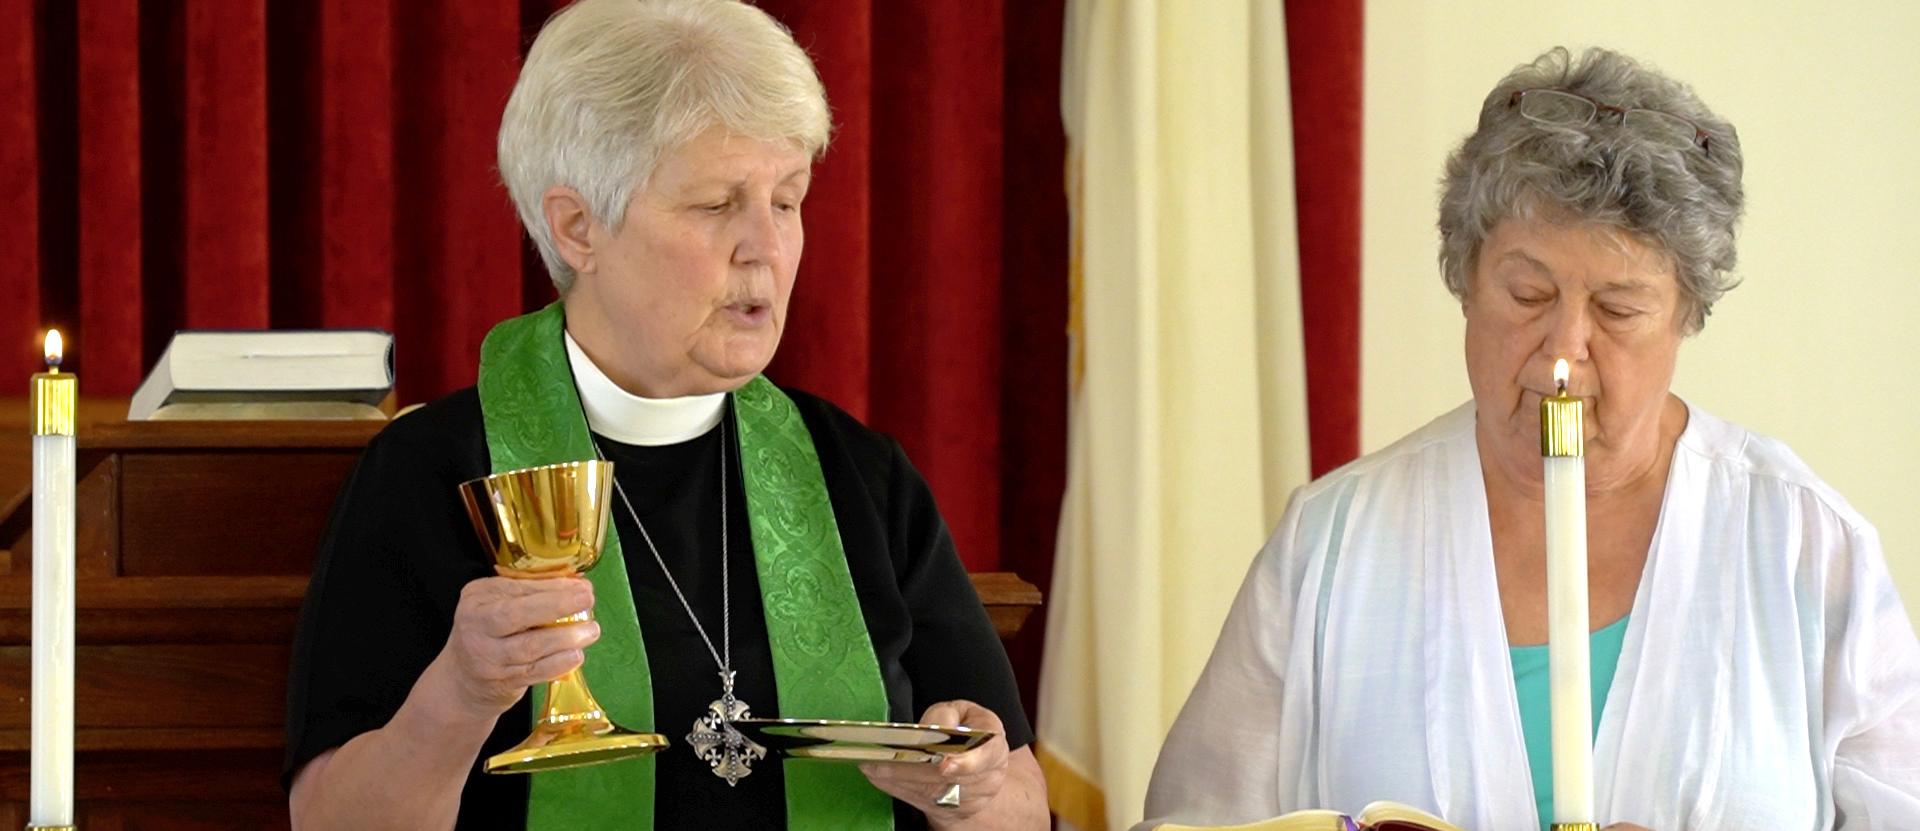 Vicar invites congregation to the eucharist
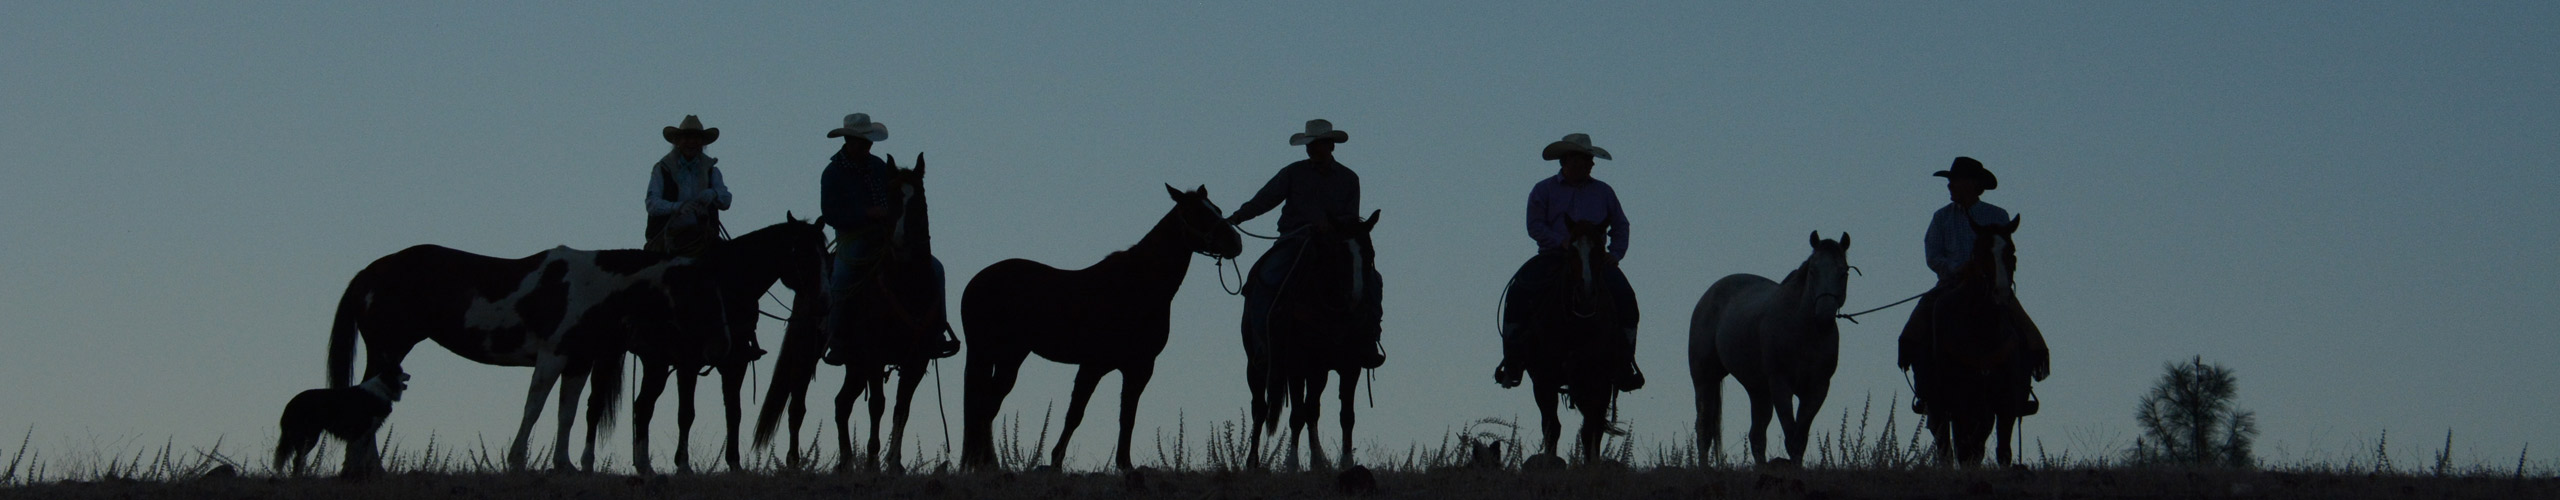 V6_Ranch_Silhouette
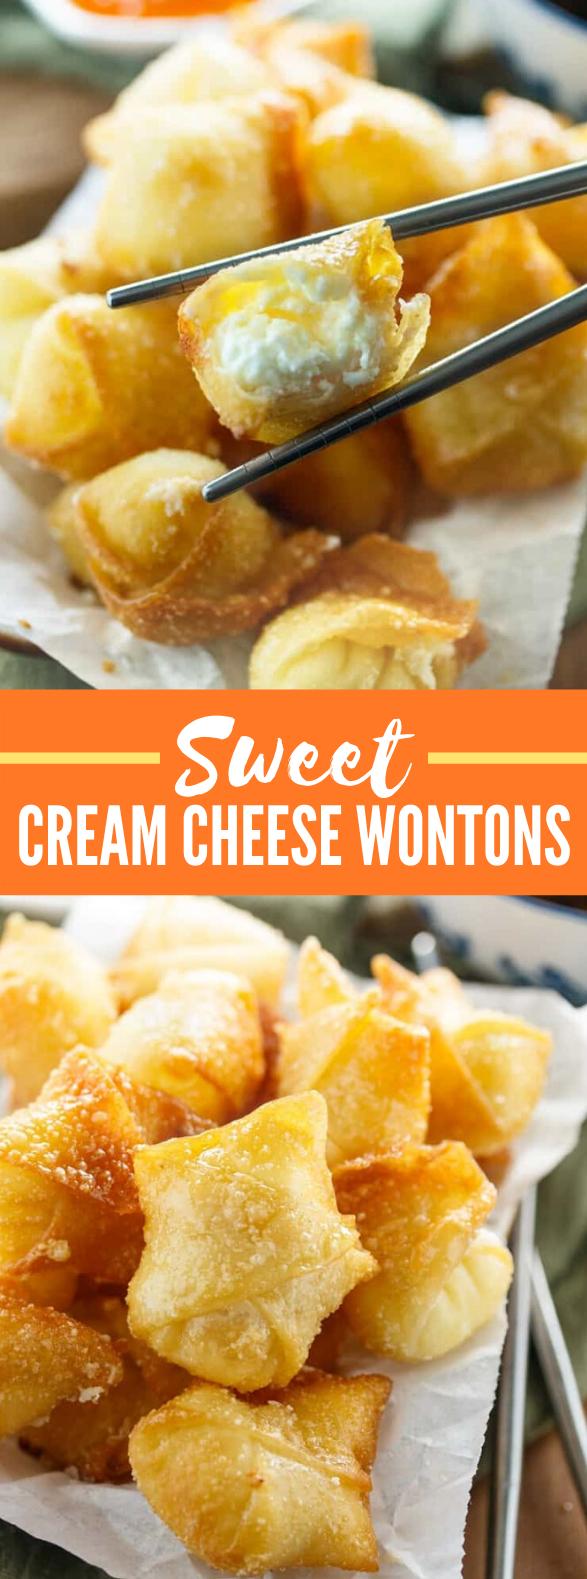 Sweet Cream Cheese Wontons #appetizers #snacks
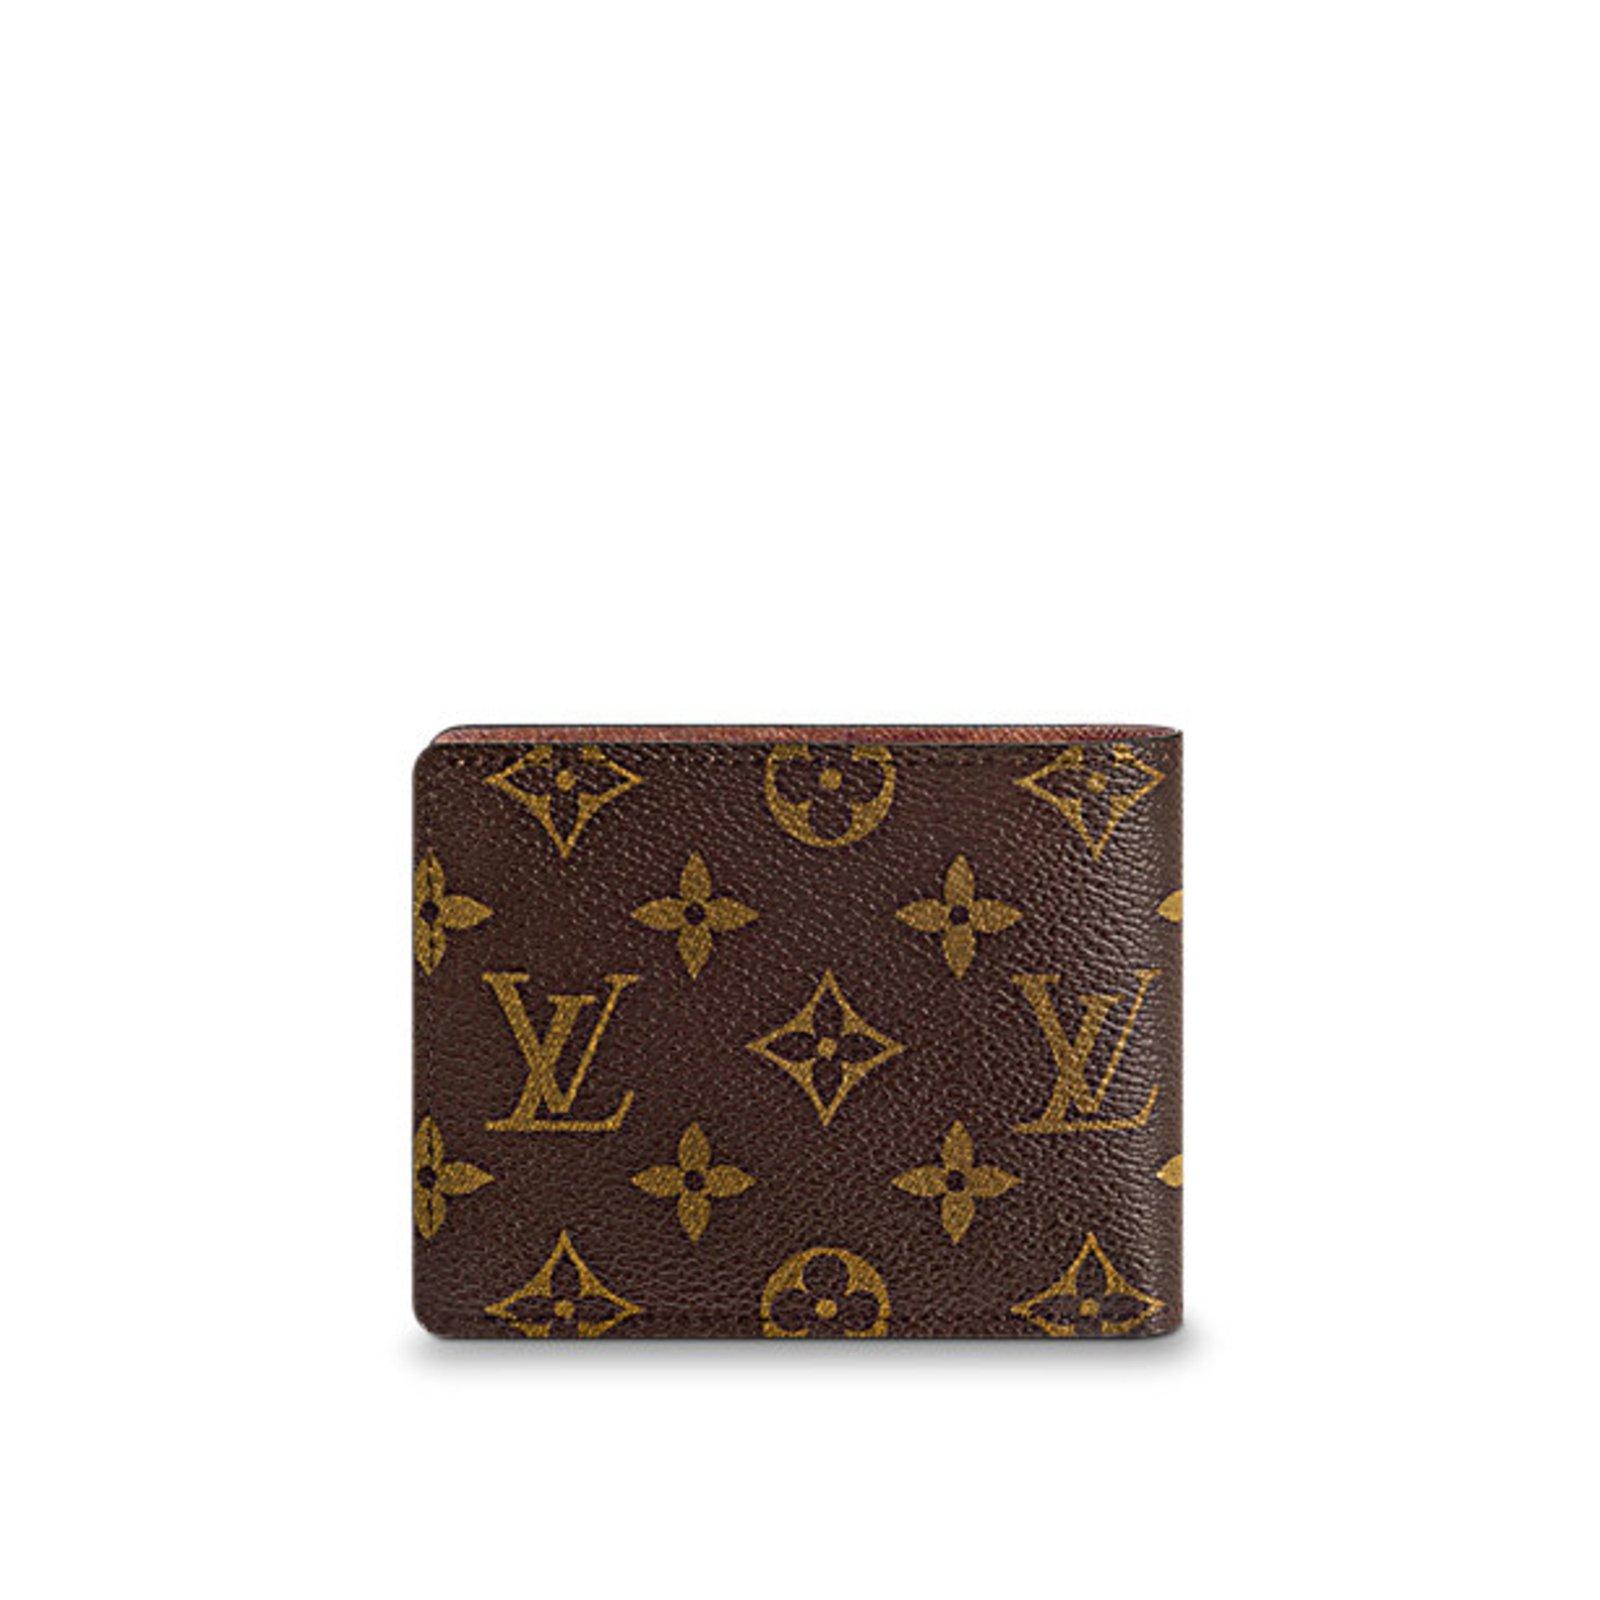 5f0ee0679eb Louis Vuitton Wallets Small accessories Wallets Small accessories Leather  Brown ref.63146 - Joli Closet
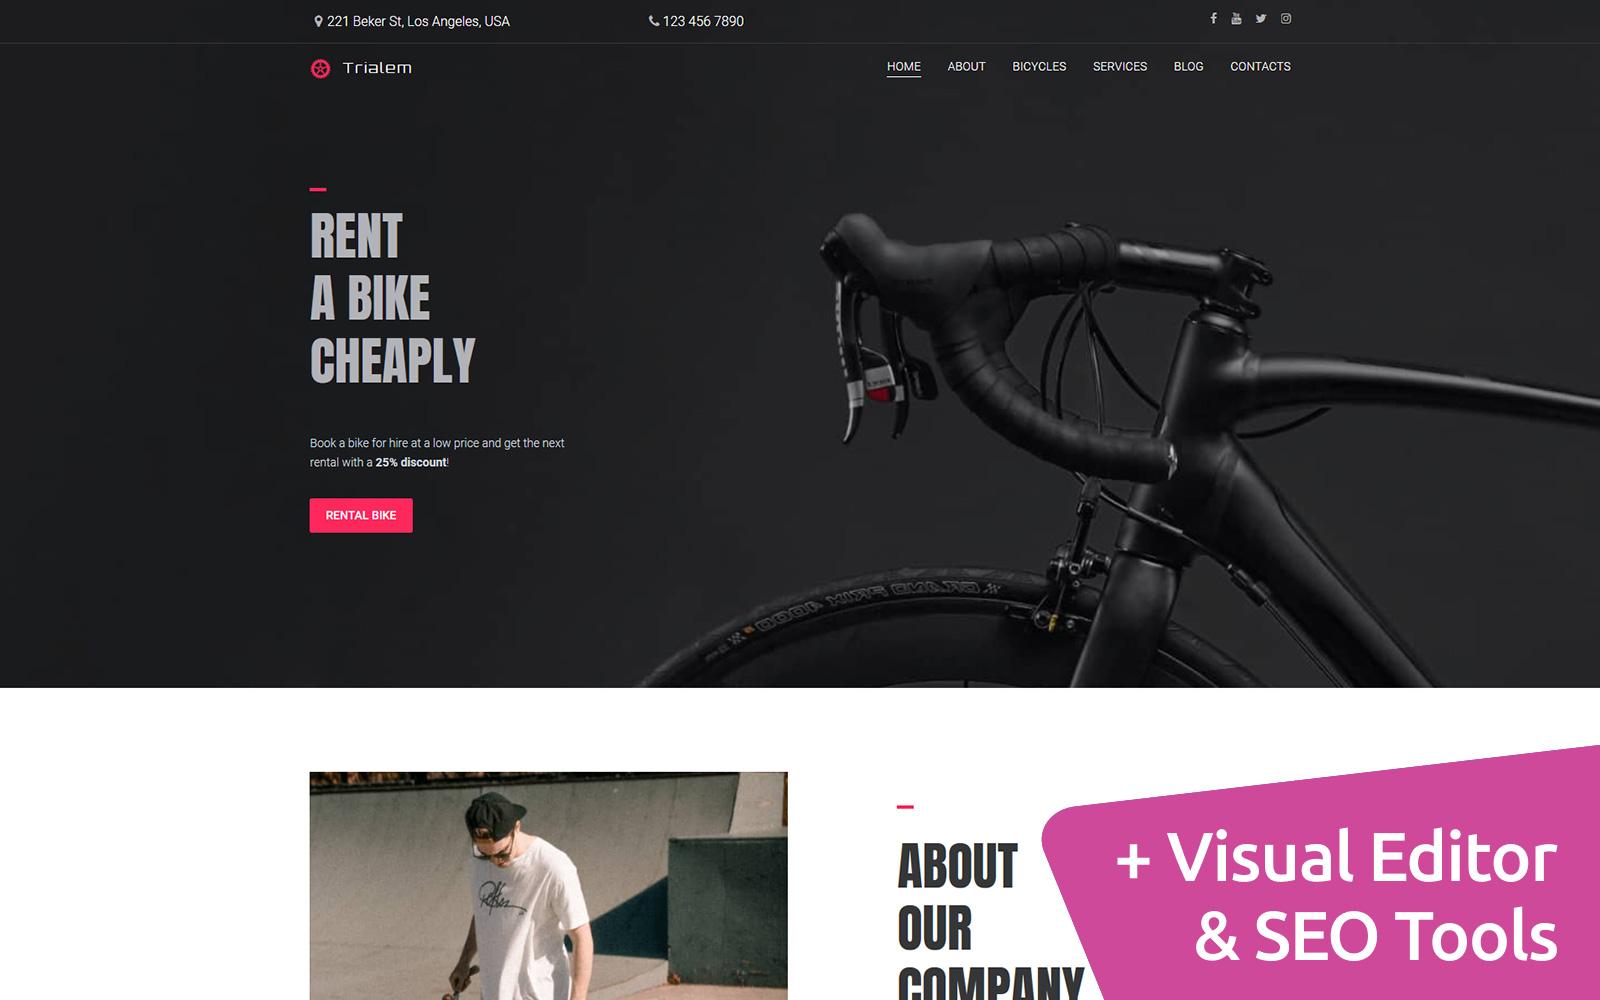 Trialem - Bike Rental №101735

## About this task
All of the listing above must be output exactly, except for its pictures.

## Answer to the exercise
 Vicar invites congregation to the eucharist
 V6_Ranch_Silhouette
 Sweet Cream Cheese Wontons #appetizers #snacks
 5f0ee0679eb Louis Vuitton Wallets Small accessories Wallets Small accessories Leather  Brown ref.63146 - Joli Closet
 Trialem - Bike Rental №101735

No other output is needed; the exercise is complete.